| EL DEBER DE SER JUSTOS.
La hora de la institucionalidad
Roberto A. Moreno de León
Quienes somos padres nos preocupamos no solo por el presente de nuestros hijos, también por el futuro. ¿En qué condiciones estará el país para cuando nuestros hijos sean adultos? Eso depende de qué país queremos dejarles, porque pensar en el país que nos encontramos sería traspasarles una factura demasiado cara.
Muchos panameños y panameñas nos esforzamos por tener una conducta apropiada, trabajamos en pro del desarrollo, procuramos pagar nuestros impuestos, cumplimos las leyes y normas tanto de la vida como del país. Sin embargo, lo que muchos hacemos por el bien del país, otros lo desbaratan en un dos por tres (o en una cuatro por cuatro). Pareciera que les gusta ir en sentido contrario: su conducta no es transparente, impiden el adecuado crecimiento del país (haciendo desfalcos en todo y a todos) y situándose por encima de las leyes.
Este comportamiento adverso incomoda a los primeros, quienes ven cómo cada cierto tiempo los segundos se acomodan en ciertas posiciones para aprovecharse de ellas, posiciones en las que se dan manejos de encubrimiento, manipulación y corrupción. Parafraseando a Ayn Rand en su obra La Rebelión de Atlas: Si quienes producen necesitan la aprobación de los que no producen. Si el dinero que fluye en el mercado no es a consecuencia del comercio, sino de favores. Cuando algunos se hacen más ricos a través del juega vivo y favoritismo. Cuando las leyes son aplicables dependiendo de quién seas. Y cuando se ve que violar la ley se recompensa, y se descubre que la honestidad se convierte en un sacrificio personal… ciudadanos, sabremos que nuestra sociedad está condenada.

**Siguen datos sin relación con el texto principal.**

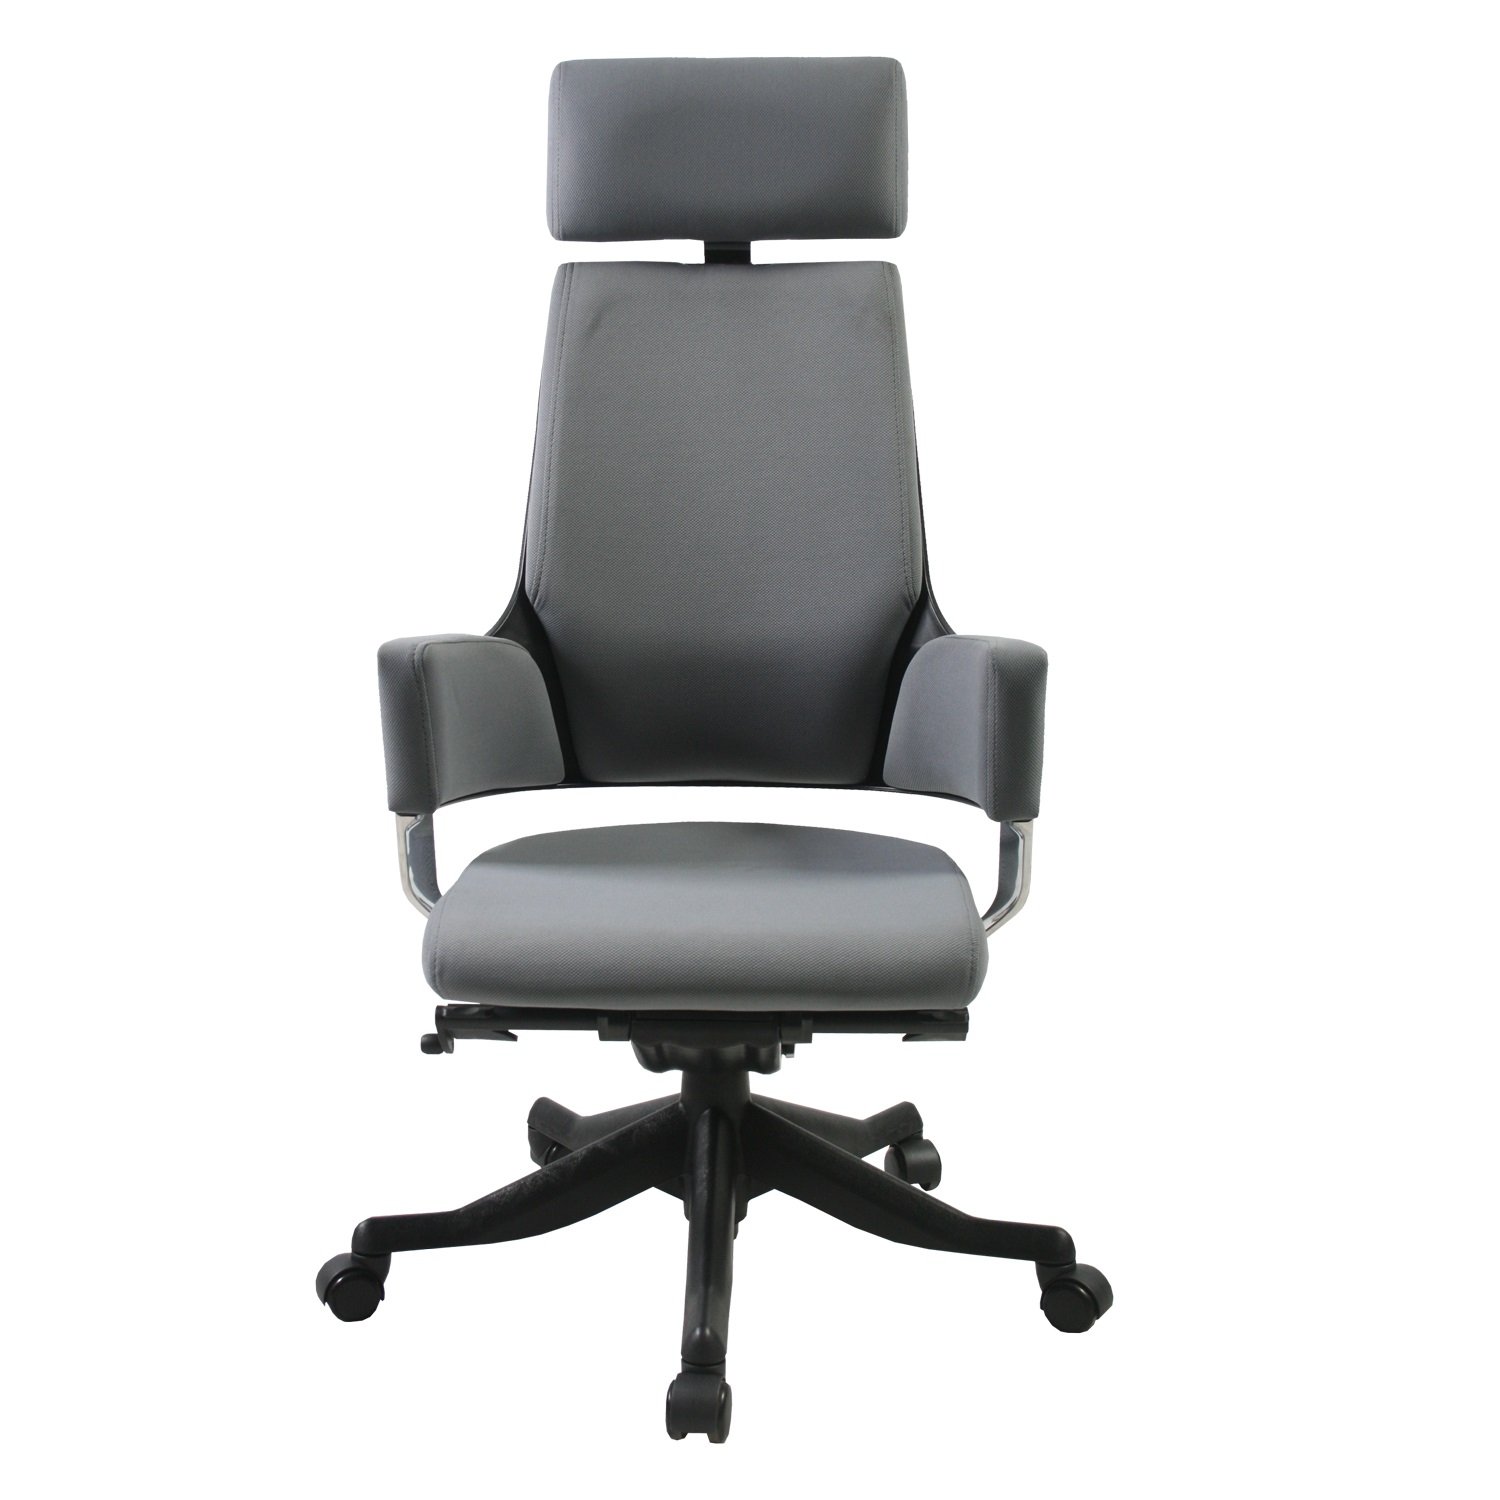 Biuro kėdė DELPHI su galvos atrama, 60x47x117,5-133,5 cm, pilka - 1
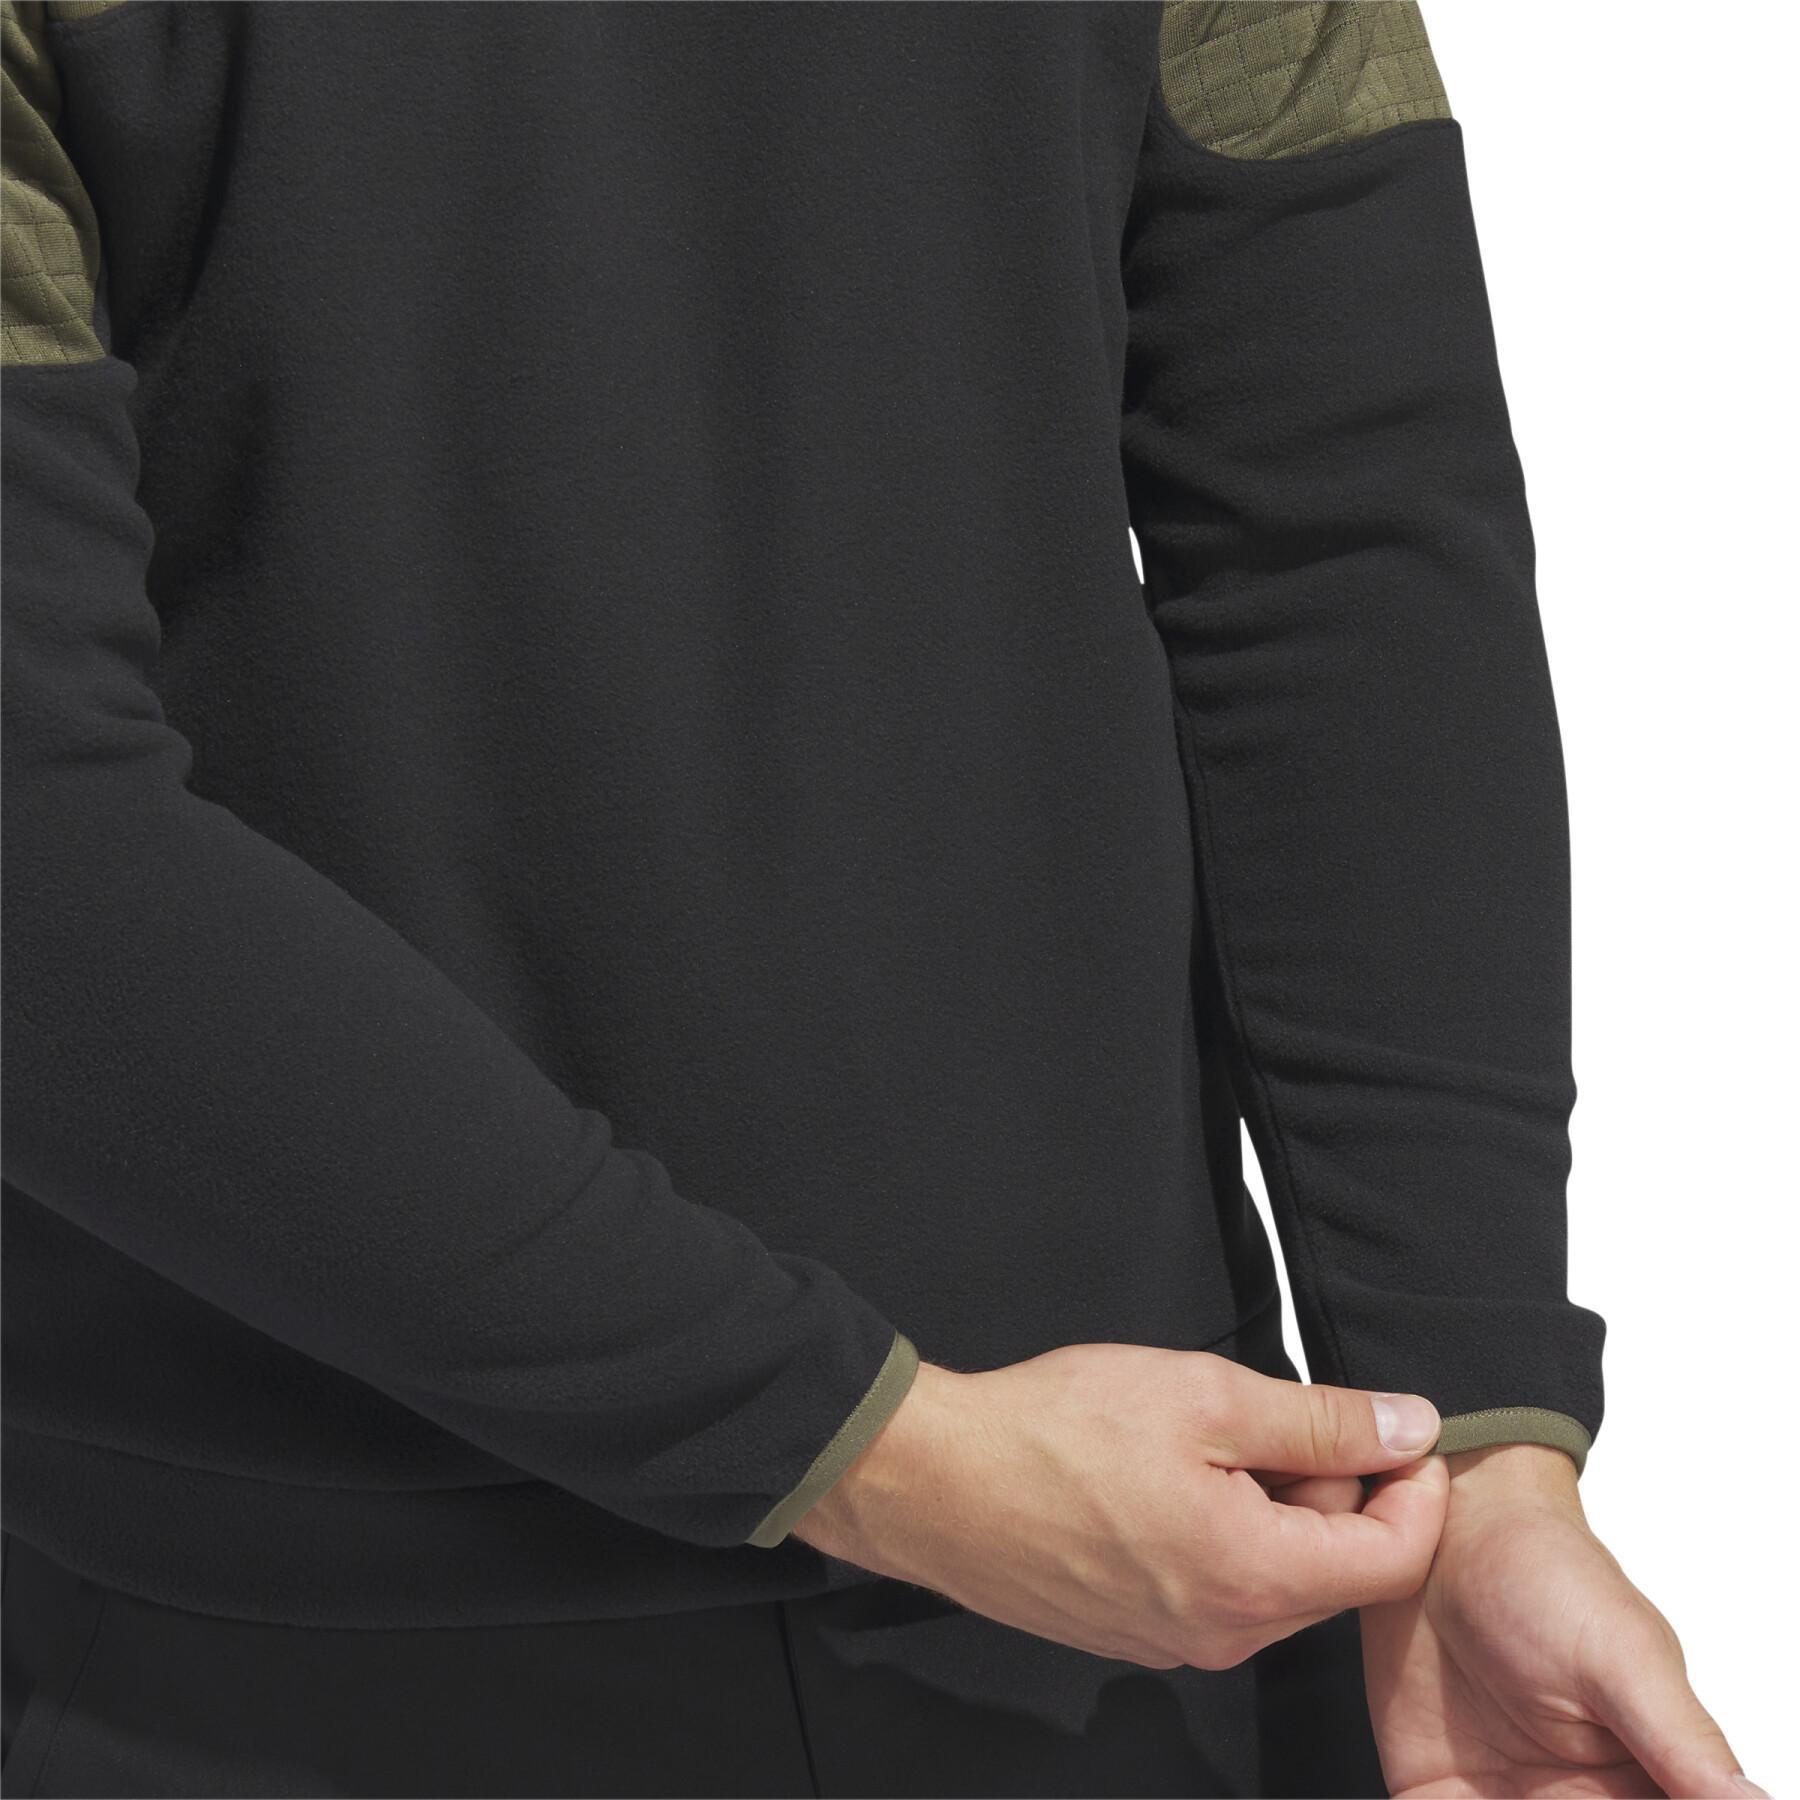 Sweatshirt 1/4 zip adidas DWR Colorblock

Sabemos que son múltiples las reformas que se han iniciado en las diferentes instituciones del país. Pero la principal reforma aún no ha llegado: aquella que alcance la conducta individual y colectiva de quienes, ejerciendo el poder otorgado por el pueblo, abusan de él, no tanto por falta de leyes, sino por el descaro de creer tener la autoridad (exclusivamente política, hago la salvedad) de estar por encima de ellas y de todos los panameños honestos, que en cada rincón de este pequeño y apreciado país madrugan con el cantar de un gallo para poder llevar el alimento, de manera honrada, a sus mesas. Sabemos que es el propósito del gobierno "la modernización del Estado" para lograr que se desempeñe de manera más ágil y que atienda de manera oportuna las demandas ciudadanas. Pero la modernización no solo implica tecnología y procesos, sino "reingeniería" en el comportamiento de quienes son los actores principales en esta nación. Sabemos que estos esfuerzos han contribuido poco a poco, pero aún se deja mucho por hacer, pues cuando se es capaz de hacer más y no se hace, y cuando bueno no es suficiente si se limita a lo mismo de siempre, se atenta contra el país democrático que todos merecemos (un estado de derecho, con seguridad jurídica y una sólida institucionalidad).
Los panameños anhelamos un Estado eficiente, no solamente en lo económico, sino principalmente en lo que respecta a la transparencia, rendición de cuentas, aplicación de la ley y respeto de la ley. Un Estado facilitador, no ejecutor, con credibilidad (en base a su actuar ejemplar) convocante por su autoridad "moral" y legitimado.
Aspirar a la preservación y el fortalecimiento de nuestra institucionalidad para ser más prósperos implica atender la laguna y vacío existente a falta de la obediencia, tanto en la aplicación de leyes como en sus sanciones (o incentivos). No podemos ignorar la urgente necesidad de fortalecer nuestra institucionalidad. La débil institucionalidad es nociva para lo sociedad. No abandonemos la lucha de vivir en un país donde las reglas del juego sean concisas, claras y justas. No es solo un asunto del presente. Es un compromiso con el futuro, aquel tiempo próximo en el que nuestros hijos podrán servir mejor a la patria si logramos despertar a quienes tienen dormida la voluntad política necesaria para salvaguardar nuestra institucionalidad. No los decepcionemos. Logremos que nuestros hijos vivan en un país sin tantos sobresaltos y frustraciones. Que el legado que dejemos a nuestros hijos sea desde ahora para que el hoy no sea como el ayer ni el mañana como hoy. Para vivir mejor hay que saber aceptar el deber de ser justos: dejemos a nuestros hijos el país que tanto anhelarán (y que nos agradecerán).